On 7220 IXR-D1, D2, D3 and 7220 IXR-H2 and H3 systems, the following can be used in the hash computation:

  • For IPv4 TCP/UDP non-fragmented packets: VLAN ID, user-configured hash-seed (0-65535; default 0), source IPv4 address, destination IPv4 address, IP protocol, L4 source port, L4 destination port. The algorithm is asymmetric.
  • For IPv6 TCP/UDP non-fragmented packets: VLAN ID, user-configured hash-seed (0-65535; default 0), source IPv6 address, destination IPv6 address, IPv6 flow label (even if it is 0), IP protocol (IPv6 next-header value in the last extension header), L4 source port, L4 destination port.
  • For all other packets: user-configured hash-seed (0-65535; default 0), source IPv4 or IPv6 address, destination IPv4 or IPv6 address.

Configuring IP ECMP load balancing

To configure IP ECMP load balancing, you specify hash-options that are used as input fields for the hash calculation, which determines the next-hop for packets matching routes with multiple ECMP hops.

The following example configures hash options for IP ECMP load balancing, including a hash seed and packet header field values to be used in the hash computation.

--{ * candidate shared default }--[  ]--
# info system load-balancing
    system {
        load-balancing {
            hash-options {
                hash-seed 128
                ipv6-flow-label false
            }
        }
    }

If no value is configured for the hash-seed the default value is 0. If a hash-option is not specifically configured, the default is true.

On 7250 IXR systems, if source-address is configured as a hash option, the destination-address must also be configured as a hash option.
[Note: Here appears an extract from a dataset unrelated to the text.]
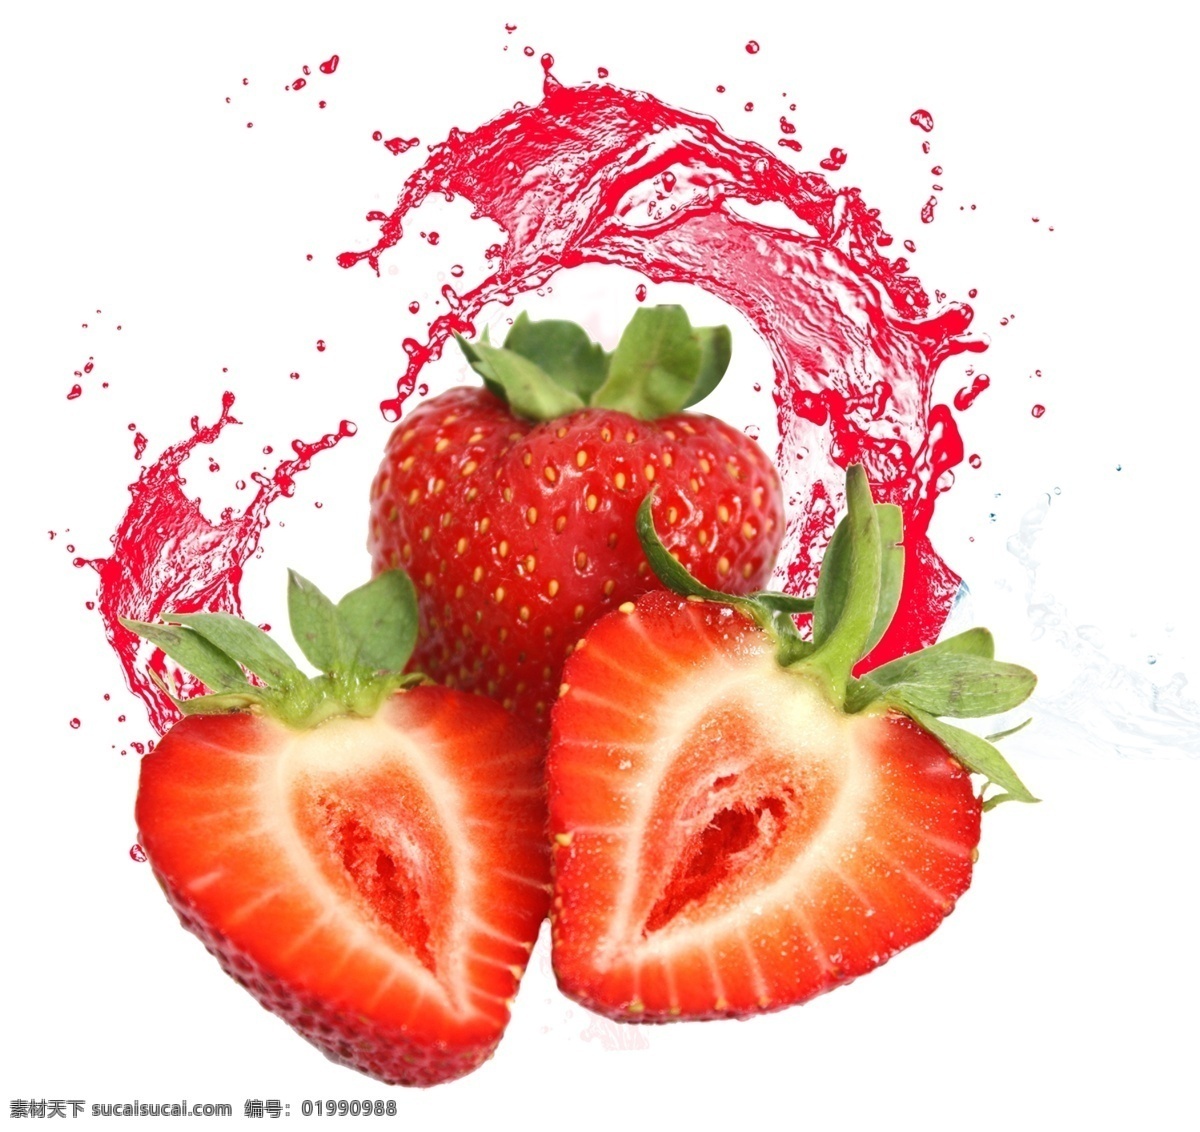 水果 水果盘 水果拼盘 草莓汁 溅射 素材图
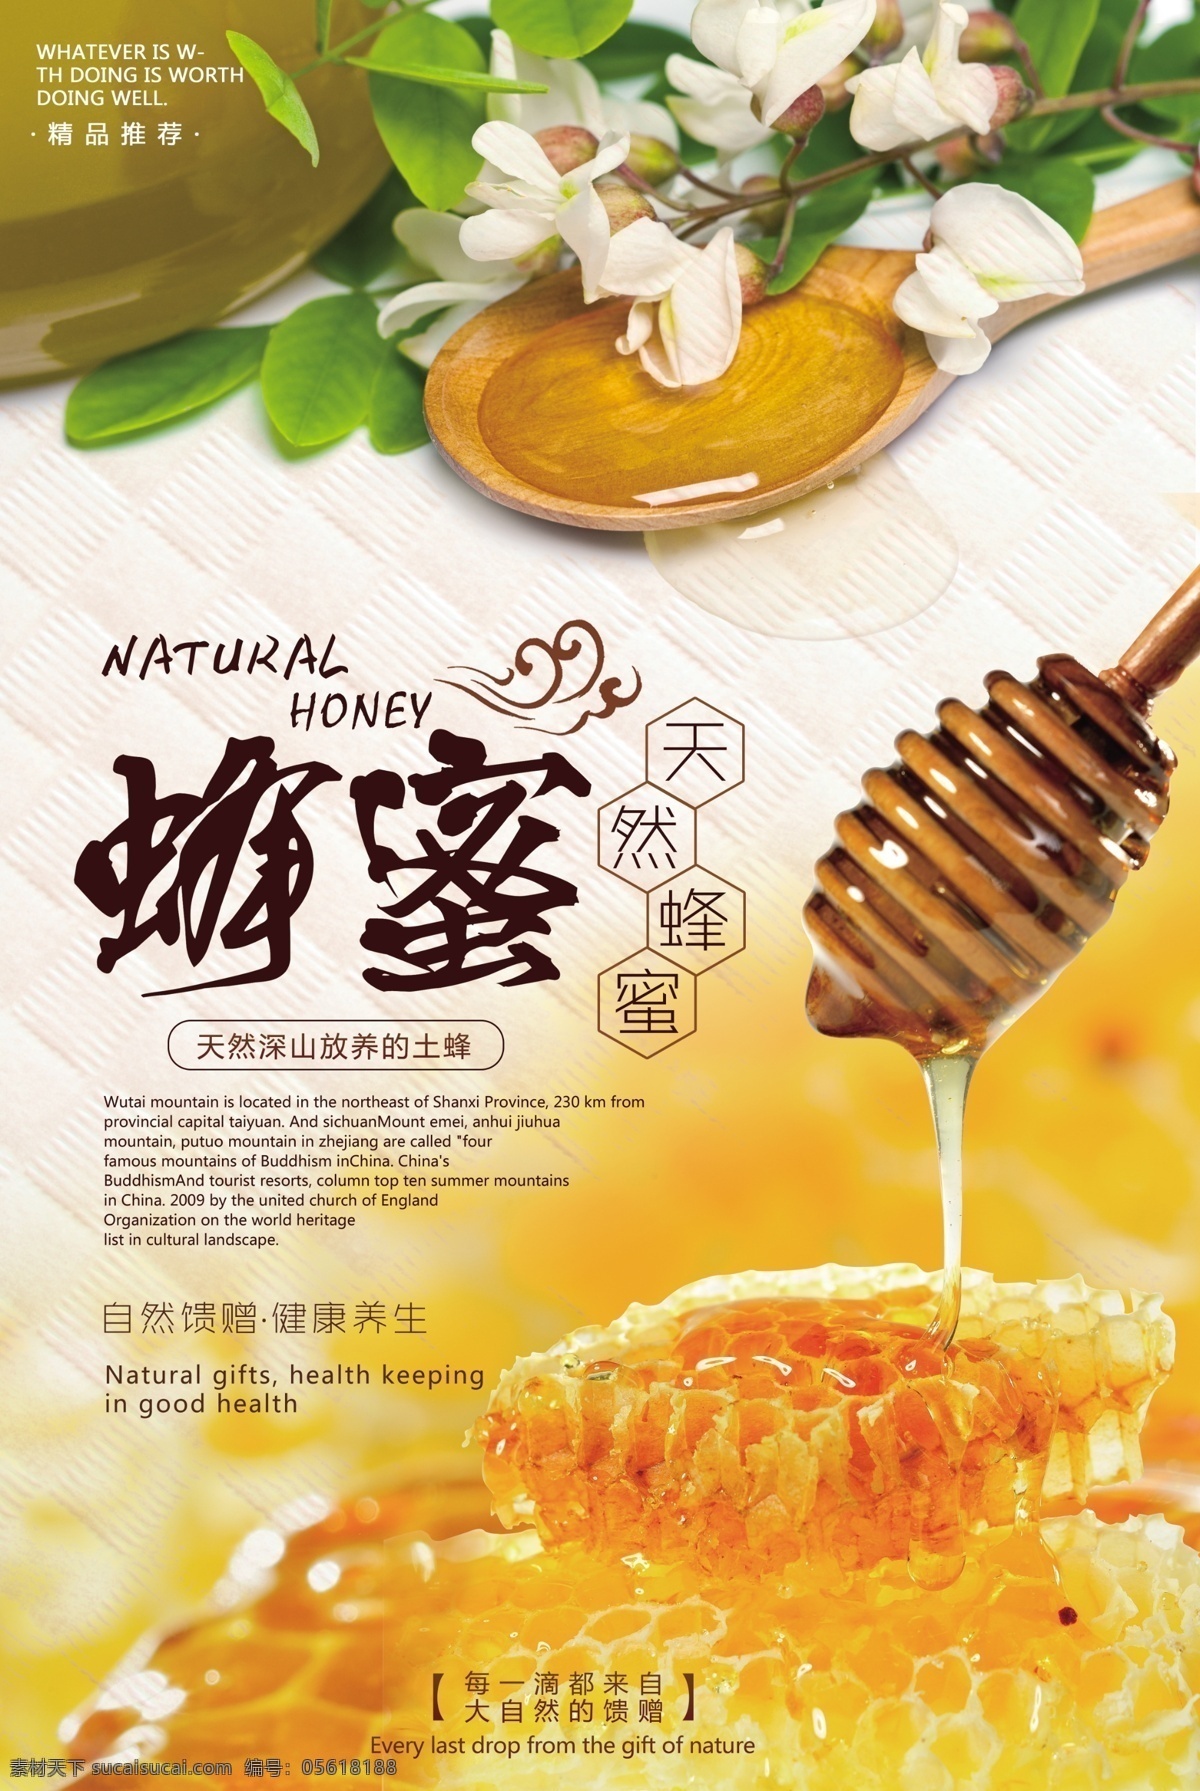 蜂蜜 美食 活动 宣传海报 素材图片 宣传 海报 餐饮美食 类

Similarly, if source-port is configured as a hash option, the destination-port must also be configured as a hash option.

Configuring reboot options

You can perform a reboot using the command .tools.platform.<component>{.slot} in CLI. The reboot command is supported for all platform components, namely chassis, control (active/standby), fabric, and linecard slots.

This command triggers an immediate reboot.

  • Chassis: tools platform chassis reboot
  • Control slot: tools platform control <slot> reboot
  • Fabric slot: tools platform fabric <slot> reboot
  • Linecard slot: tools platform linecard <slot> reboot
You can use the following options with the reboot command. These options are platform specific.

delay

You can use the delay option to set a wait time before rebooting. The delay required is in seconds format. During this period, you can cancel any pending reboot operations.
Note: When a delayed reboot is pending for either chassis or active control component, setting a wait time to delay the reboot of any other component (linecard, standby control, fabric slot) is not supported.
  • Chassis: tools platform chassis reboot delay <value>
    
    # tools platform chassis reboot delay 2
    /platform:
     chassis will reboot in 2 seconds
    
  • Control slot: tools platform control <slot> reboot delay <value>
  • Fabric slot: tools platform fabric <slot> reboot delay <value>
  • Linecard slot: tools platform linecard <slot> reboot delay <value>

When doing a warm redundancy CPM switchover, any pending delayed reboot of active or standby control card is discarded. The command .tools.platform.redundancy.switchover is not impacted by any pending delayed reboots.

cancel

You can use the cancel option to cancel any pending reboot on a platform component. When there are no pending delayed reboots, the reboot cancel command execution fails.
  • Chassis: tools platform chassis reboot delay cancel
    
    # tools platform chassis reboot cancel
    The chassis reboot has been canceled
    /platform:
        chassis reboot has been canceled
  • Control slot: tools platform control <slot> reboot cancel
  • Fabric slot: tools platform fabric <slot> reboot cancel
  • Linecard slot: tools platform linecard <slot> reboot cancel
Note: You cannot combine the cancel option with force or delay options.

force

You can use the force option to trigger a force reboot of a platform component. This option is supported only for the chassis and control slots. The force option overrides all synchronization activities, and any soft checks that prevent a reboot (for example, the unsaved configuration between running and startup) are ignored.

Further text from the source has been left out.